I broke down on her arms unable to say anything else. My mom hugs me. I know she's worried, and that only increases with every second where she doesn’t know what is happening. She’s always the person in control, so not having a clue about what's going on was not easy for her. But even so, she just let me cry until I calmed down enough to talk again. 

\- Shhh… It’s ok baby. I’m here.  
\- I’m sorry mom  
\- Why are you sorry, honey?  
\- I lied to you…

I see the confusion and hurt on her face

\- Ok… about what?  
\- I’m… I… - I couldn’t look at her anymore so I settle my eyes on our holding hands in my lap. – I’m not awake…  
\- What? – I heard the disbelief in her tone, but when I don’t look up or say anything else, she realizes is not a joke – how? That’s not possible… you…  
\- I’m sorry… 

There were some minutes of silence where I can hear her thinking and her eyes piercing through me. Finally, she sighs and lets go of my hand to lift my chin, and looks me in the eyes. 

\- Can you explain it to me? 

When I nod she let my face go and I instantly drop it again. I will come clean to her, but I can’t look at her while I do that…

\- There’s something wrong with me – I heard her taking air to speak, probably tell me that that wasn’t true, so I hurry to continue – and I didn’t want to disappoint you…  
\- You could never do that…  
\- Please. Let me talk first? I just need to tell you this…  
\- Ok…  
\- I tried to wake up... I really tried! but I couldn't… well… - I squirm in my seat. Why is this so uncomfortable? I'm a fucking adult! Or almost adult… But she’s still my mom… - I just couldn’t wake up. And I could see you getting worried about that, and I was worried and frustrated about it too. So, I investigated all I could and kind of find a way around it… I did a spell to be able to access some of my power… - I see her stiffen at that – and kept doing it until I reached a limit, then I maintained the opening with another spell… Anya and Gaia found out early today… that’s why we’re here, to look for the spells… - I finally look at my mom again, I know I left a lot out of the story, but I said all she needed to know. Right? - I’m sorry…

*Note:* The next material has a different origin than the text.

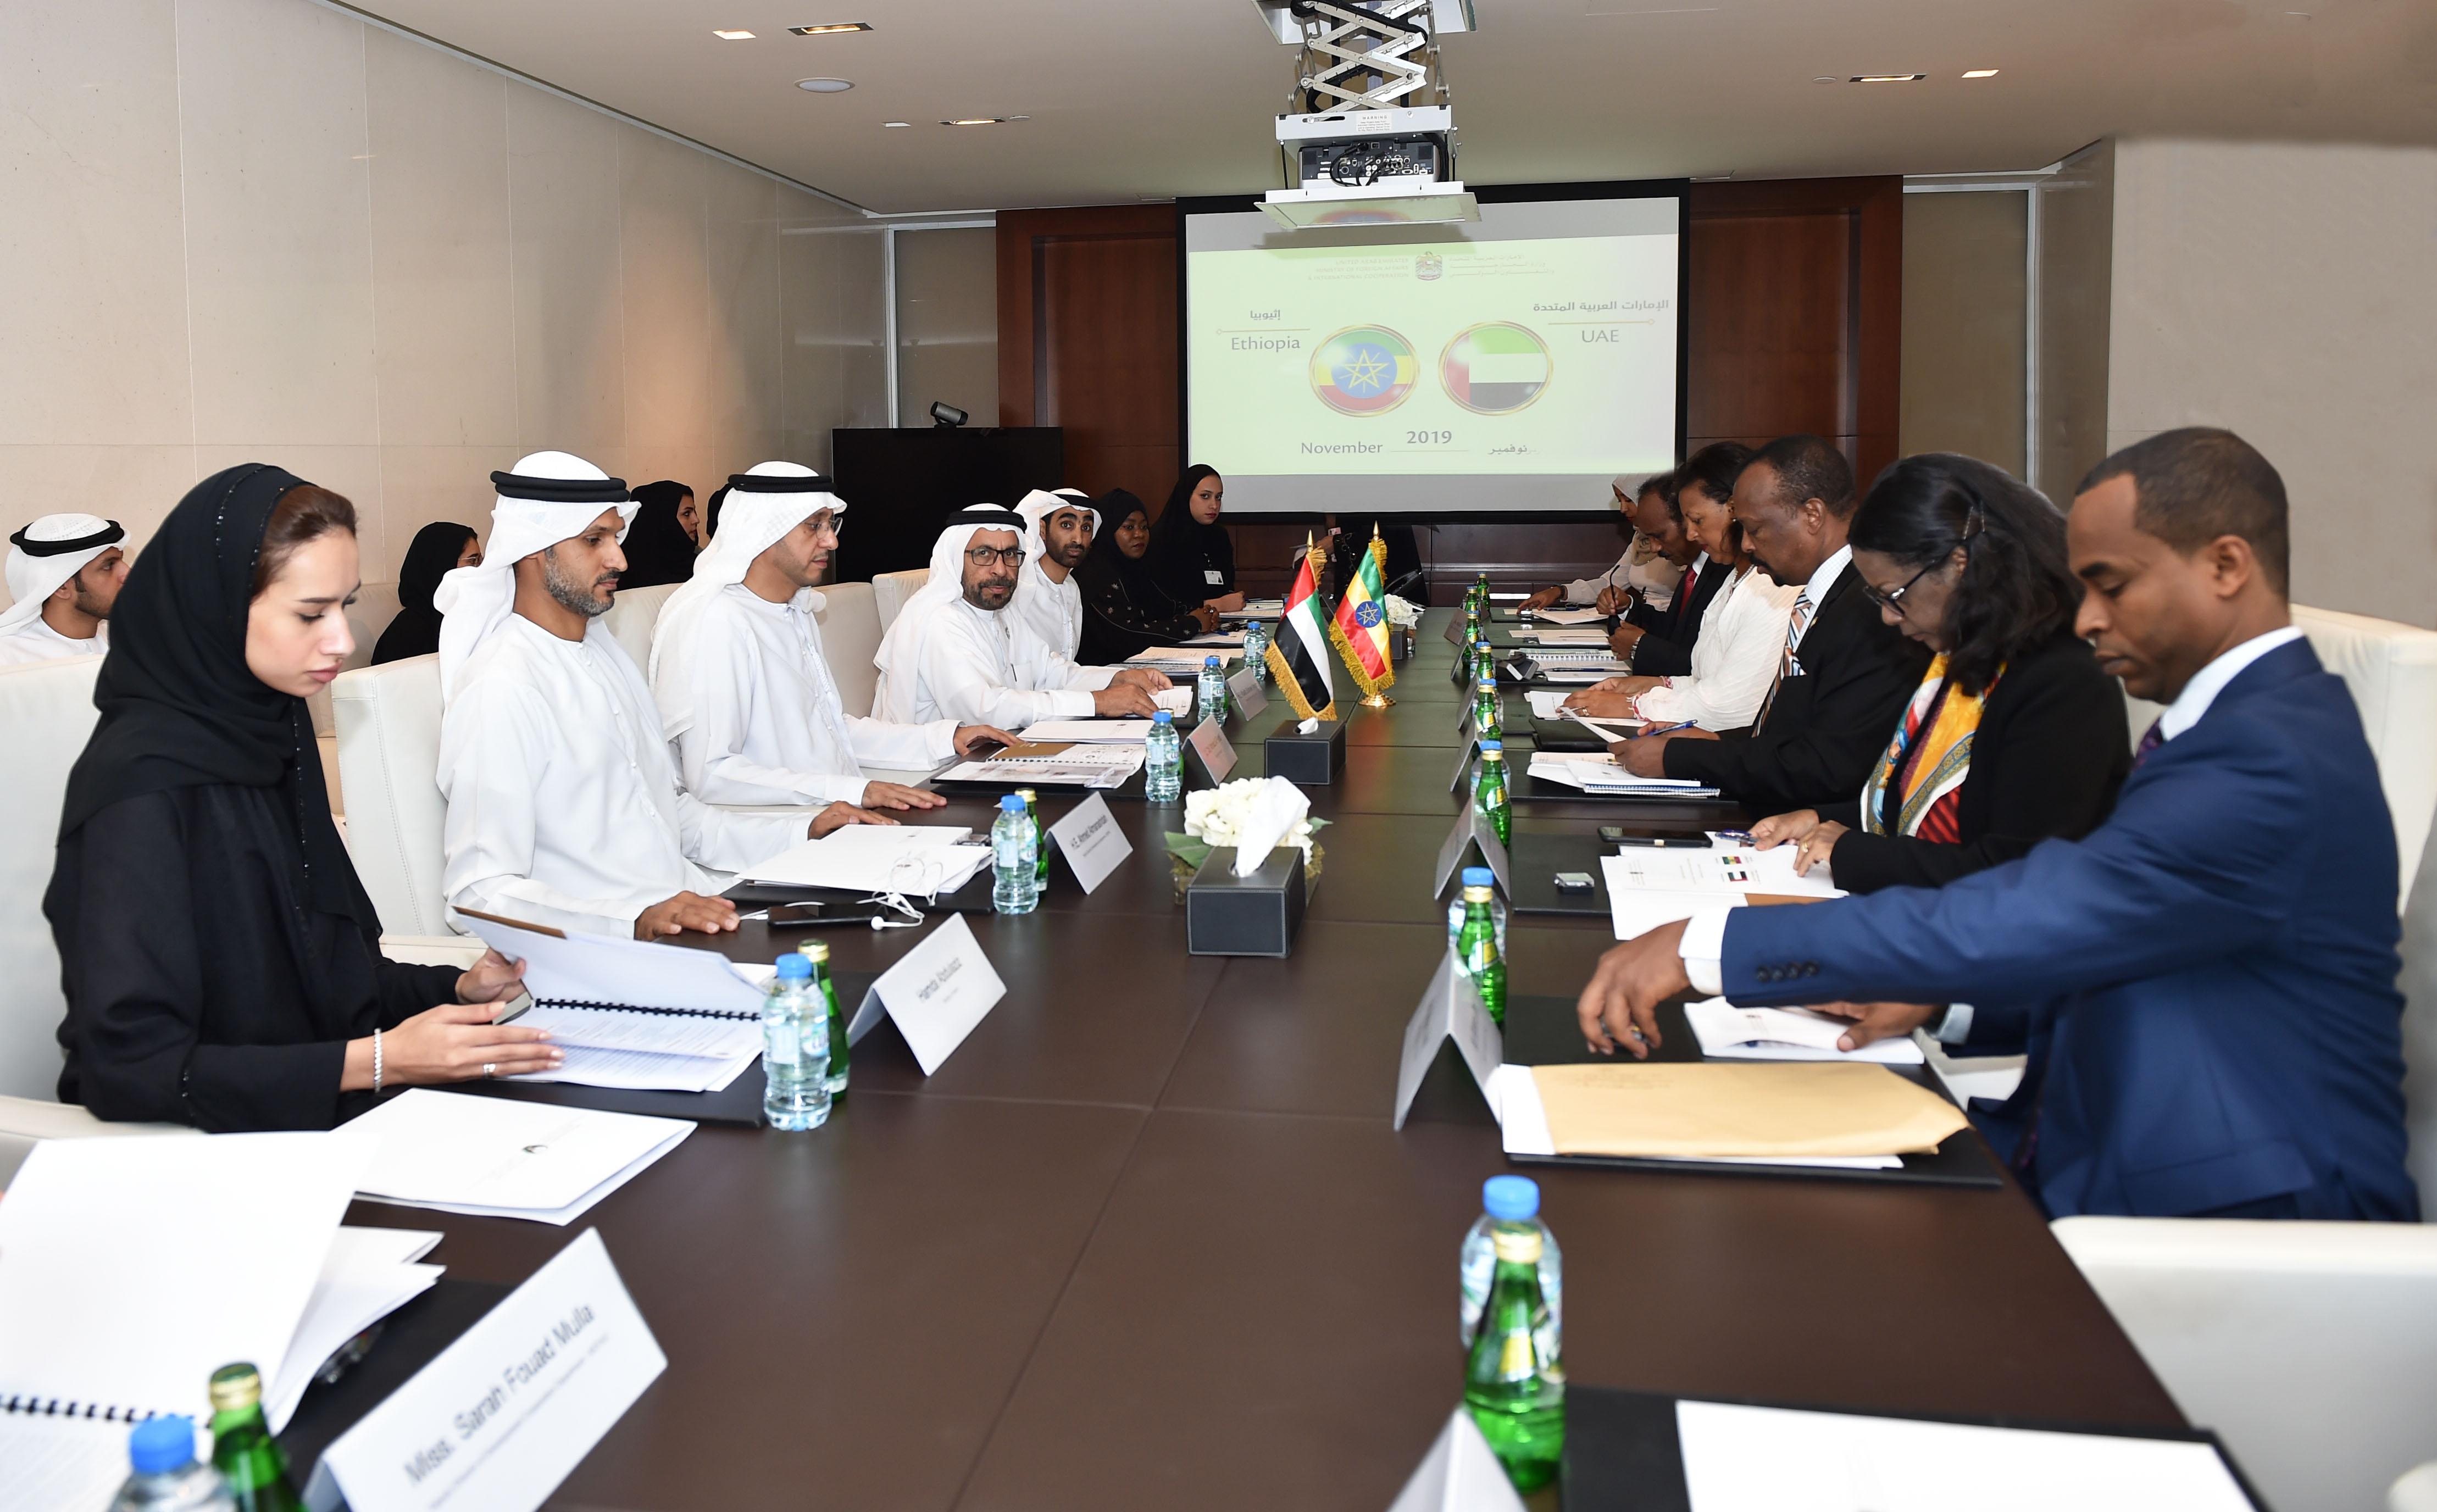 لجنة المشاورات السياسية بين الإمارات وأثيوبيا تبحث تعزيز التعاون

The last apology is barely a whisper. I have no idea how she would react, and I’m a little scared. 

I see her visible swallow.

\- You… you did a spell on yourself?

I nod.

\- Clarke… - I can clearly see the fear in her voice. She kneels in front of me and takes my head in her hands – that's… that's dangerous. What spell did you use? At least tell me it was a good and certified spell… - she sees the answer in my face even if I didn't say anything – oh god, Clarke… 

She is up in an instant, pacing the office.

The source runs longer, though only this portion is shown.